Under Law, U. of Virginia Was Never Told of Lacrosse Player’s Violent Past

By Cristina Corbin – FOXNews.com

George Huguely’s rage was well-known to police. But the University of Virginia never knew about its 22-year-old lacrosse star’s violent past because there’s no law that requires colleges to be told when a student is arrested off campus.

 George Huguely’s rage was well-known to police. But the University of Virginia never knew about its 22-year-old lacrosse star’s violent past because there’s no law that requires colleges to be told when a student is arrested off campus.

Officials at the University of Virginia say they had no idea that Huguely, who is accused of murdering former girlfriend and women’s lacrosse player Yeardley Love, was arrested in 2008 for public intoxication after threatening to kill a female police officer.

The incident occurred outside a house in Lexington, Va., nearly 70 miles from the university in Charlottesville, where Love, a 22-year-old college senior, was found lying in a pool of blood in her off-campus apartment Monday. Her right eye was swollen shut and she had a bruise on her cheek from “blunt force trauma,” police said.

Under the federal law known as the Clery Act, which passed in 1989, colleges and universities across the U.S. are required to disclose information about crime on and around their campuses in an annual report. The law has since undergone a series of amendments, including a 2008 provision strongly encouraging schools to forge agreements with local law enforcement agencies to investigate student arrests and crimes.

While the Clery Act has been pivotal in enforcing reports of on-campus crimes, arrests of students in other towns and cities often go unnoticed. And the law “does not impose an affirmative responsibility of investigation on the college or university,” said Linda Malone, a professor of criminal law at William and Mary Law School.

The law is particularly “problematic,” she said, if the student’s arrest doesn’t occur in the vicinity of the college or university — as was the case with Huguely. Under the Clery Act, authorities in Lexington were not obligated to notify UVA officials that Huguely was shocked with a stun gun after a physical altercation with an officer.

Huguely was arrested and convicted for the 2008 drunken altercation, but the police report did not mention he was a student at UVA, Lexington Police Chief A.S. Thomas said in interview. Some police departments work directly with campus authorities in providing arrest information, while others do not.

Officials from Washington and Lee University and Virginia Military Institute in Lexington, Va., for example, meet with local police on a weekly basis to investigate whether students have had any run-ins with the law, according to Thomas. 

The dean of students at Binghamton University in New York, however, reportedly first heard that a student athlete — a heavyweight wrestler — had been arrested in 2005 for punching a woman while listening to a local radio station — not from authorities.
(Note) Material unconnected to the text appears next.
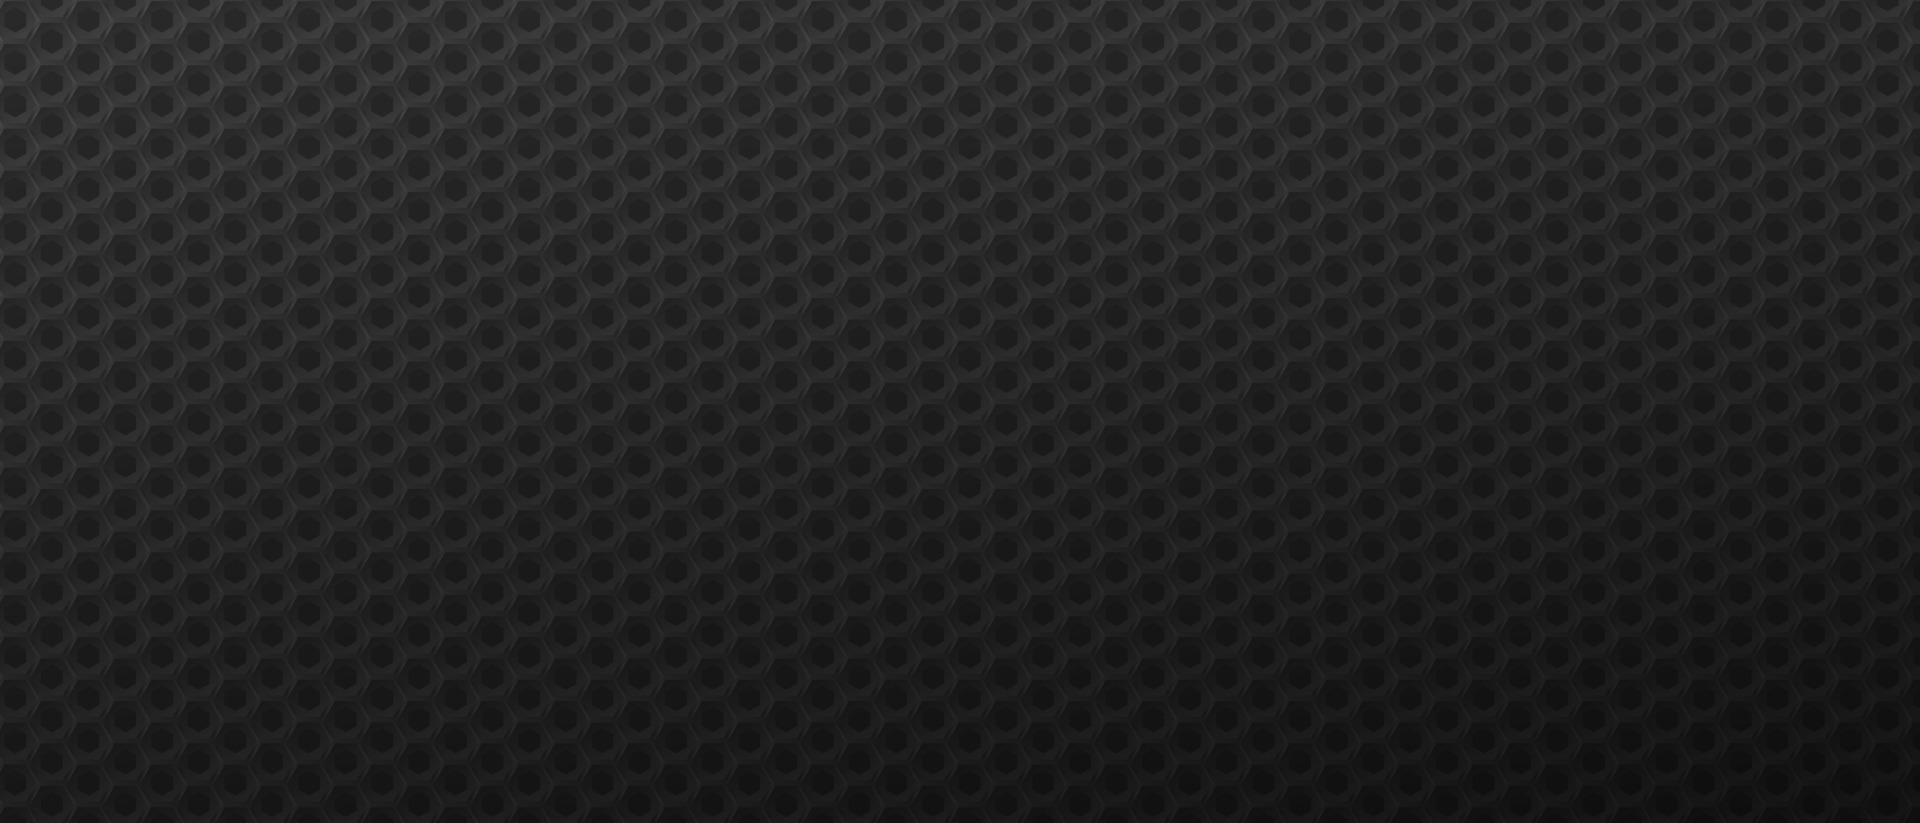 arrière-plan technologique des hexagones futuristes. carreaux polygonaux géométriques noirs texturés dans une texture sombre en vecteur monochrome petit minimalisme

And at the University of Alabama in Huntsville, Ala., school officials had no knowledge that Professor Amy Bishop, accused of gunning down three colleagues, had shot her brother to death 20 years earlier in Massachusetts. The shooting was ruled an accident at the time. 

Many colleges have implemented policies that require students to “self-report” any encounters they have with law enforcement — from traffic citations to criminal arrests. But some student safety groups say such a policy borders on the absurd.

“You cannot always expect a student to self-report [arrests] to a school,” said Jonathan Kassa, executive director of Security for Campus Inc., a campus safety group founded after the 1986 murder of Lehigh University freshman Jeanne Ann Clery, for whom the Clery Act is named. Clery was asleep in her dorm room when she was raped, strangled, and mutilated with a broken bottle by Josoph Henry, a fellow student with a history of disciplinary problems. Henry was convicted of murder and sentenced to death.

Malone said that while the self-report rule “may seem like it is a relatively weak form of reporting requirements,” it does provide the college with a basis for taking disciplinary action against a student who fails to comply.

Huguely did not report his arrest to UVA, university president John Casteen told reporters on Wednesday. Casteen said UVA students are required to self-report arrests but acknowledged there is a critical gap in the law regarding informing colleges and universities.